Despite the education and dedication of healthcare professionals,1 undesired patient outcomes can occur. Patient safety events in Pennsylvania involving temporary or permanent harm or death were presented in the previous issue of the Pennsylvania Patient Safety Advisory, in an article titled "Are You Ready to Respond? Reports of High Harm Complications after Surgery and Invasive Procedures."2 High harm events are devastating for patients, families, and care providers and may be even more distressing if human errors contributed to the event.3 Because some events of patient harm involve human error, some people may question whether humans are the problem, the weak link in our efforts to provide safe healthcare.


In their efforts to prevent the recurrence of events involving patient harm, healthcare facilities have implemented learning processes such as root cause analyses (RCAs).
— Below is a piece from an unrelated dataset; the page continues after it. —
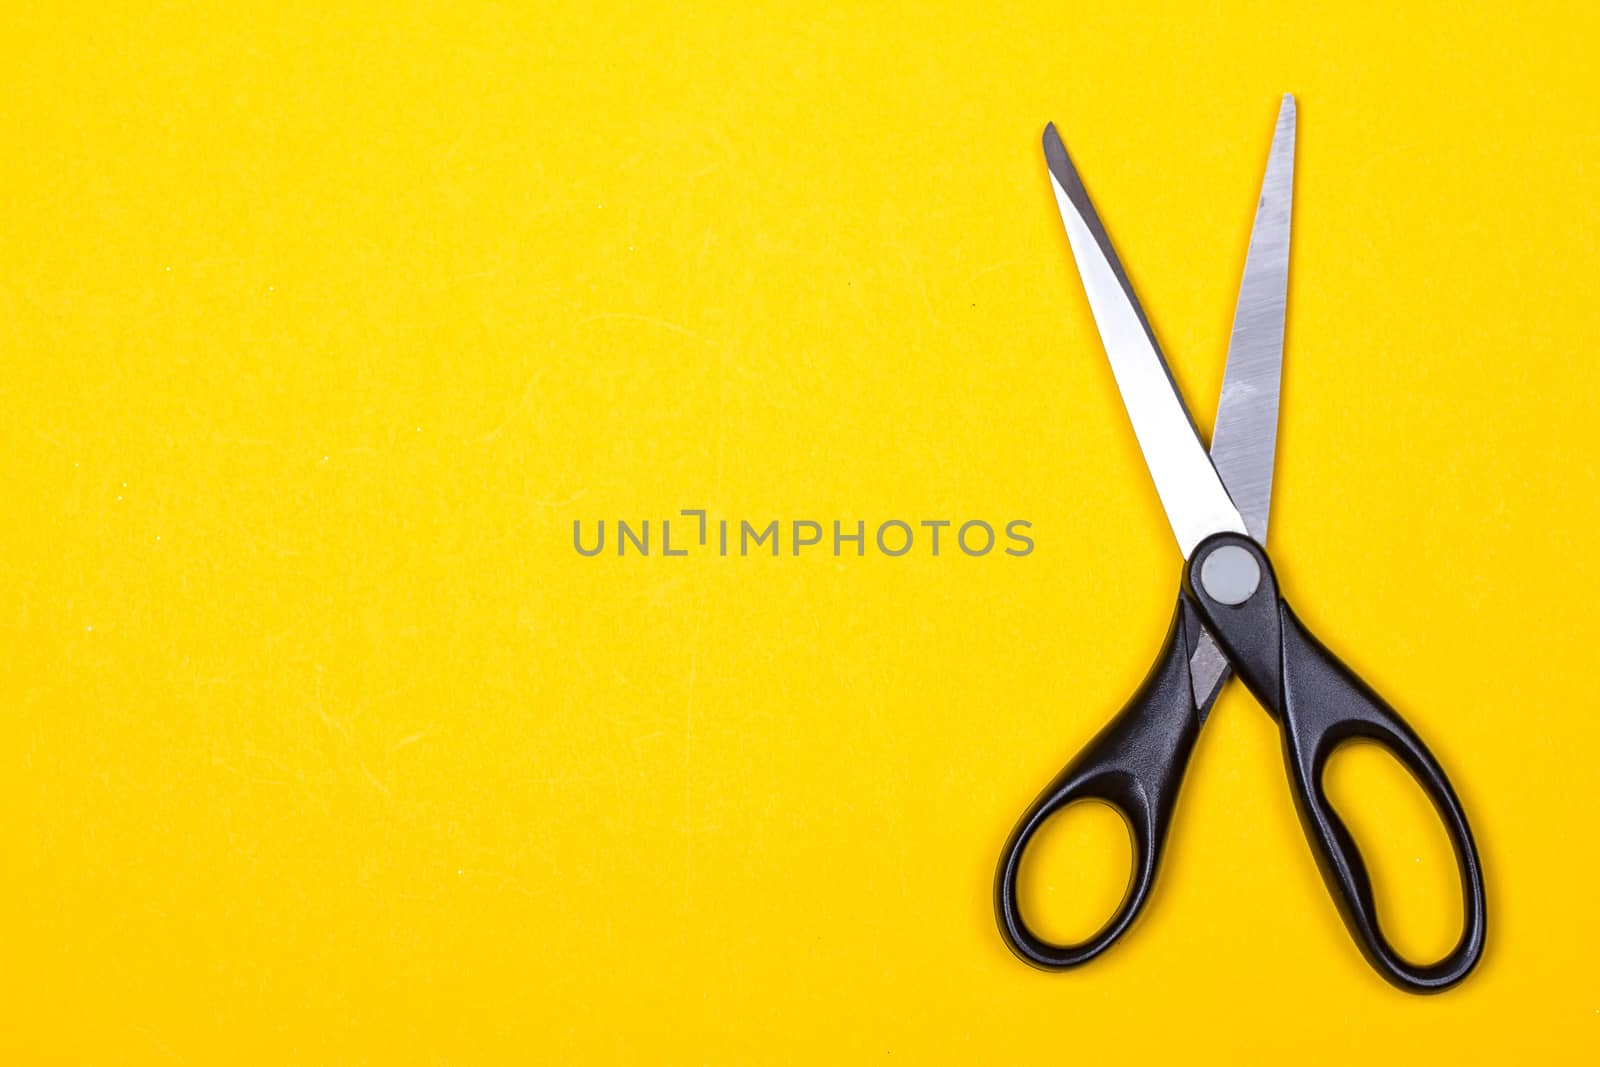 Black stationery scissors by victosha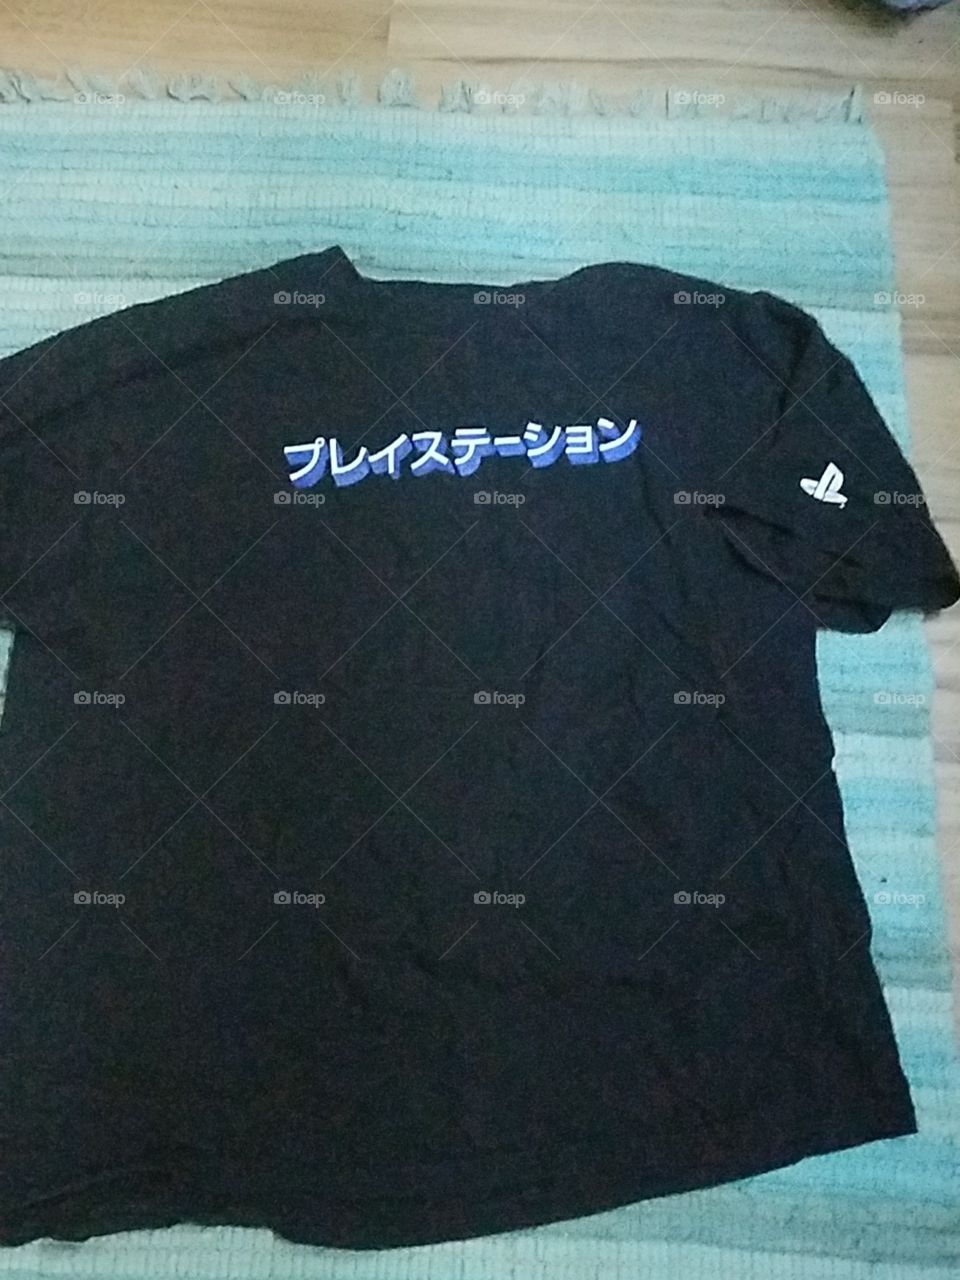 PlayStation shirt (I think it says Electronics)

Contemporary RCAs seek to deconstruct patient safety events to identify one or more known or previously unrecognized threats to patient safety that aligned to allow errors or harm to occur.4,5

Advances in understanding the multifactorial etiology of harm, such as James Reason's "Swiss cheese model," search for failures proximal to the final act of commission or omission in the belief that a combination of factors contributes to an event in which a patient is harmed.5 These factors may arise suddenly, or may be "latent safety threats" that were introduced in time periods long before the harm event and then coalesced with unintended consequences.5

Although the Swiss cheese model expands our analysis beyond the final act by a provider at the "sharp end," this perspective is still often limited to seeking discrete points of failure without recognizing the impact of interactions between components or the dynamic contributions of the healthcare environment.6,7 Knowing how each part of the healthcare delivery system works—at a sequential or interdependent level—is important, but it will not necessarily provide us with an understanding of how the system works as a whole.

As an (albeit limited) example, specific parts of a car need to work in order to drive—the engine, the brakes, the steering assembly, and so on. Nevertheless, having a mechanically functional car does not ensure that drivers will arrive safely at their intended destination. Many factors can impact a driver's success, including their own driving skill, road conditions, weather, and the skill of other drivers. Although drivers may intend to drive smoothly from their starting point to their endpoint, they inevitably make unanticipated adjustments along the way.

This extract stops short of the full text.